Jennifer Fulwiler remarks upon a photo series of New Yorkers eating dinner: “I was surprised by the number of people who ate alone and/or who watched TV or used the computer during dinner.” New York is a lonely place.
 Cute animals: Looking for ideas to treat the mange on your baby sloth?
Also, be careful in Calgary: Stabby’s Japanese cousin is visiting.
 Only in Japan: Japan is a special culture. Many tsunami survivors lost all their family photos in the flood, and Japanese photographer Nobuyuki Kobayashi, with the help of hair and makeup volunteers and a legion of grade school students, decided to make up the loss with professional portraits and letters of support from schoolchildren.
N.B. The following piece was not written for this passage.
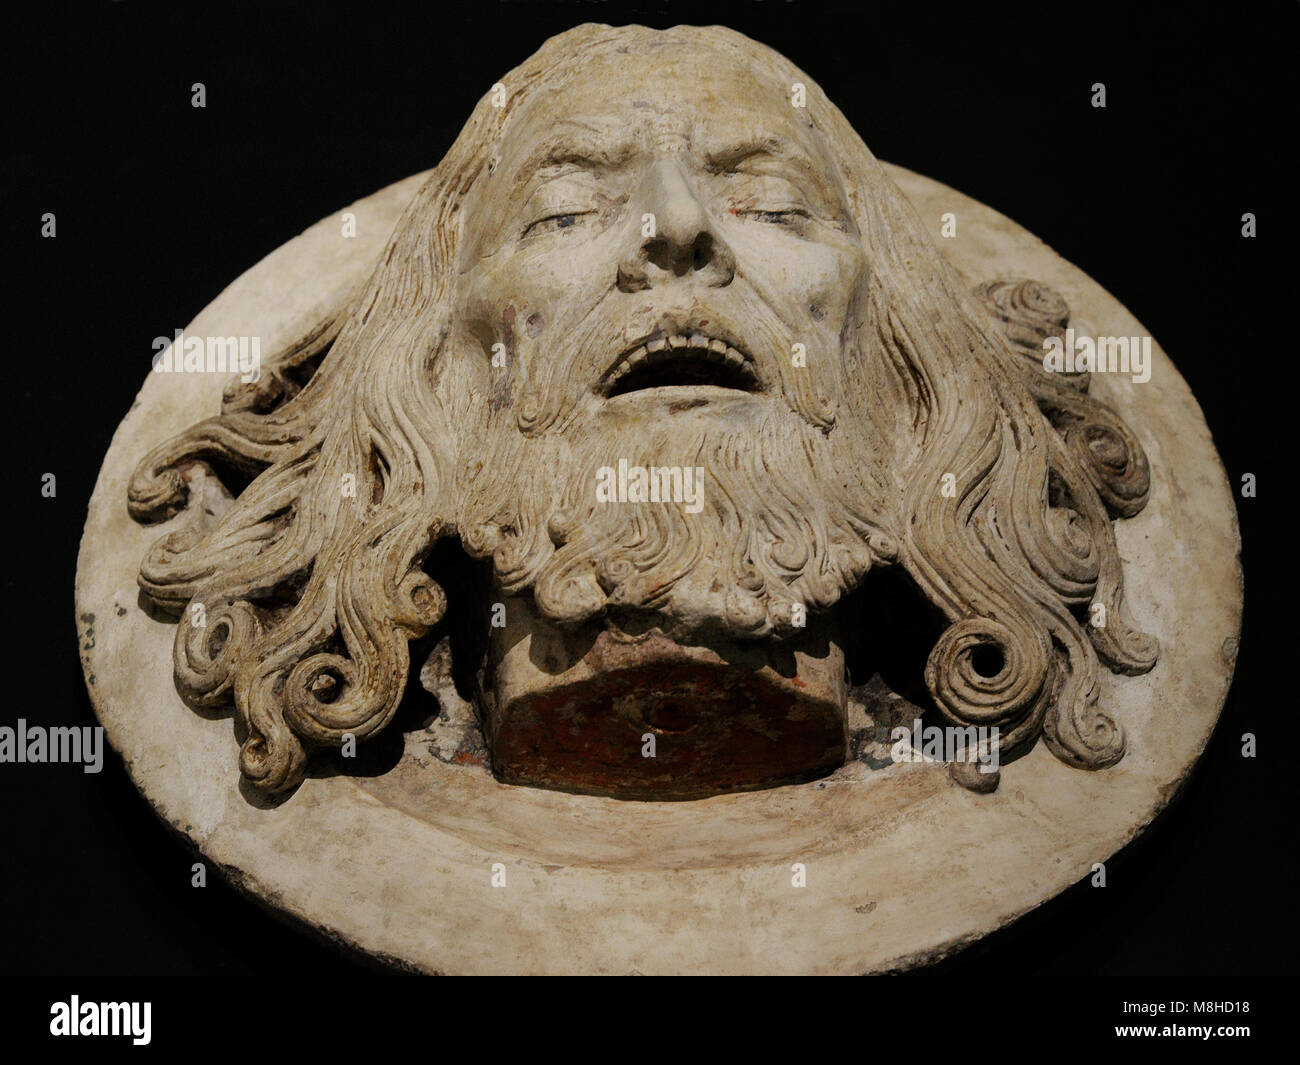 Chef de st. Jean le Baptiste sur un plateau. Rhénanie, c. 1480-1520. La pierre calcaire, restes de polychromie. Schnütgen Museum. Cologne, Allemagne. Banque D'Images
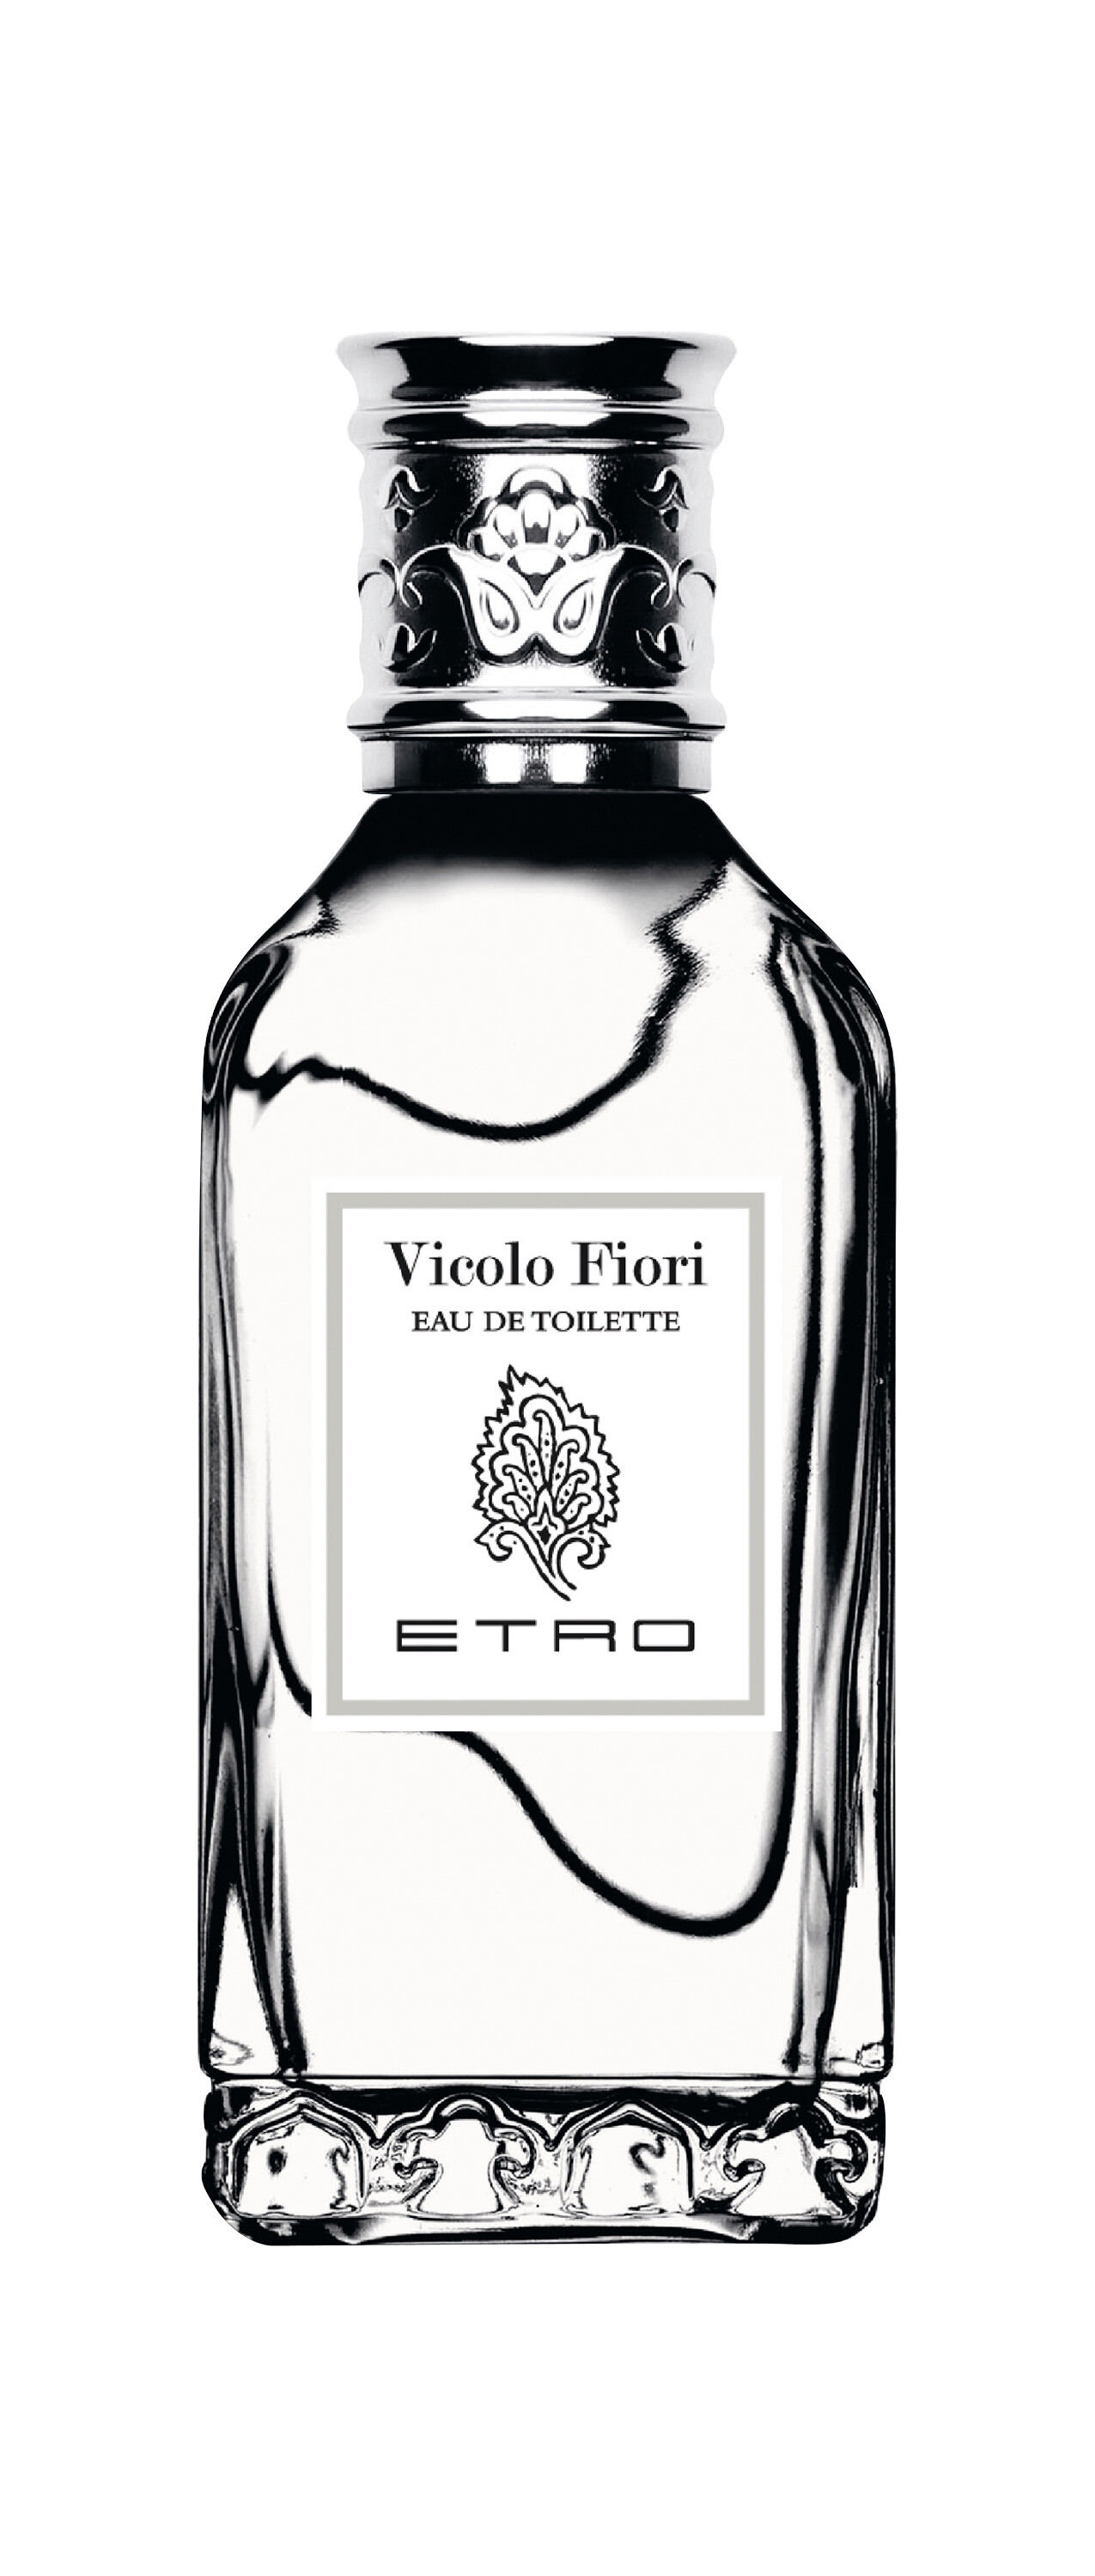 ETRO Vicolo Fiori EDT 50ml

Here’s a slideshow.
This is Katsuko Abe, age 71, with her dog Kaede, getting ready for her portrait:
 Giving up weight for Lent? In the same post I linked above, Jennifer Fulwiler shares some good news:
As I look for something to wear this weekend, I’m reminded that I am in the middle of the wardrobe crisis that I’ve been waiting to have for ten years: all my clothes are too big. I don’t mean a little loose; I mean I perpetually look like I’m headed out to an M.C. Hammer costume contest.
Over the past few months I’ve lost 25 pounds. That’s a good thing, mainly since the drop on the scale was more of a side effect of lifestyle changes that have left me with more stamina and energy than I had when I was 20….
It’s too long a story to explain in detail here, but the short-short version is that it was Perfect Health Diet + rethinking what a reasonable portion size looks like + accepting that spiritual warfare really does come into play with getting healthy + learning to depend on a good jog for an energy boost.
 More on pork: Via Dan Moffet, another reason to avoid undercooked pork:
 Not the weekly video: Via Chris Highcock, Jeb Corliss makes a spectacular base jump in a wingsuit:
This was in Switzerland. On 16 January 2012, Jeb suffered multiple leg fractures in a similar jump off Table Mountain, Cape Town, South Africa.